每個中間 derivative 是 local gradient — 一個 node 對其 immediate input 的 gradient。Backprop 的精髓就是把這些 local gradients 串起來。

Computational Graphs

Any neural network computation can be represented as a DAG (directed acyclic graph):

Nodes = operations (add, multiply, activation)
Edges = tensor values (forward) and gradients (backward)

Worked Example

$\mathcal{L} = (wx + b - y)^2$

Forward pass:

$z_1 = wx$
$z_2 = z_1 + b$
$z_3 = z_2 - y$
$\mathcal{L} = z_3^2$

Backward pass (reverse order, chain rule):

$\frac{\partial \mathcal{L}}{\partial z_3} = 2z_3$
$\frac{\partial \mathcal{L}}{\partial z_2} = 2z_3 \cdot 1 = 2z_3$
$\frac{\partial \mathcal{L}}{\partial w} = 2z_3 \cdot 1 \cdot x = 2(wx + b - y) \cdot x$
$\frac{\partial \mathcal{L}}{\partial b} = 2z_3 \cdot 1 \cdot 1 = 2(wx + b - y)$

Fan-out Rule (Multivariate Chain Rule)

當一個 variable 被用在多個 downstream operations 時，它的 gradient 是所有路徑 gradients 的加總： $\frac{\partial \mathcal{L}}{\partial x} = \sum_i \frac{\partial \mathcal{L}}{\partial z_i} \cdot \frac{\partial z_i}{\partial x}$ 。
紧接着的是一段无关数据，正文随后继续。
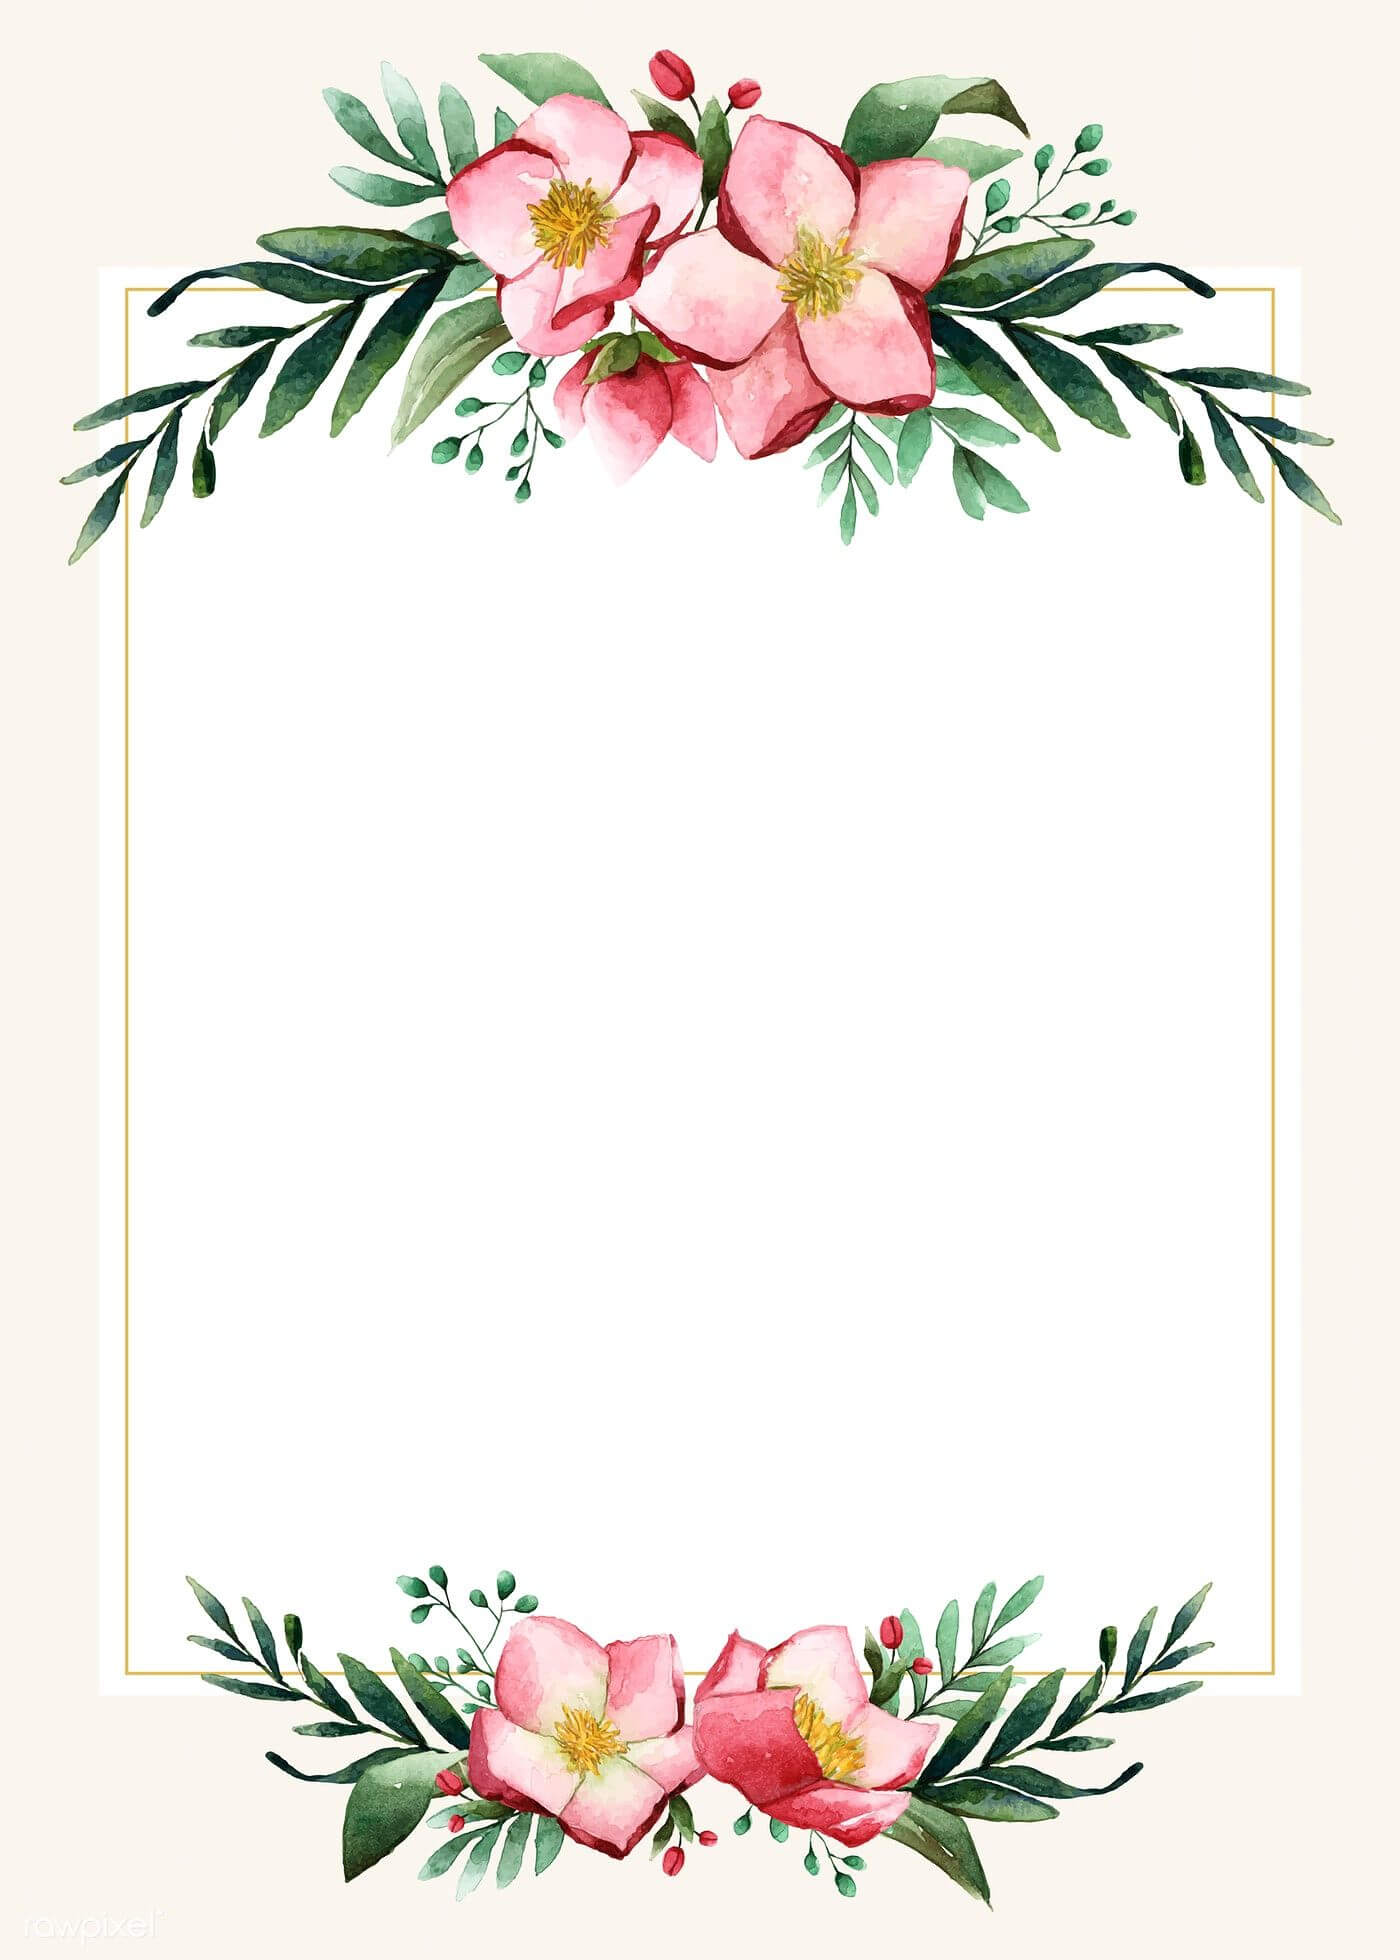 Download Premium Vector Of Flowers Invitation Card Template In Frequent Diner Card Template

面試中常被問到。

Common Local Gradients

面試中可能要你快速說出某個 operation 的 local gradient：

Operation	Forward	Local Gradient
Add: $z = x + y$	—	$\frac{\partial z}{\partial x} = 1$ , $\frac{\partial z}{\partial y} = 1$
Multiply: $z = xy$	—	$\frac{\partial z}{\partial x} = y$ , $\frac{\partial z}{\partial y} = x$
ReLU: $z = \max(0, x)$	—	$\frac{\partial z}{\partial x} = \mathbf{1}_{x > 0}$
Sigmoid: $z = \sigma(x)$	—	$\frac{\partial z}{\partial x} = z(1-z)$
MatMul: $\mathbf{Z} = \mathbf{X}\mathbf{W}$	—	$\frac{\partial \mathcal{L}}{\partial \mathbf{W}} = \mathbf{X}^\top \delta$ , $\frac{\partial \mathcal{L}}{\partial \mathbf{X}} = \delta \mathbf{W}^\top$

Forward and Backward Pass

Forward Pass

Compute output layer by layer, caching intermediate values（backward pass 需要用）:

\mathbf{z}^{[l]} = \mathbf{W}^{[l]}\mathbf{a}^{[l-1]} + \mathbf{b}^{[l]} \qquad \mathbf{a}^{[l]} = \sigma(\mathbf{z}^{[l]})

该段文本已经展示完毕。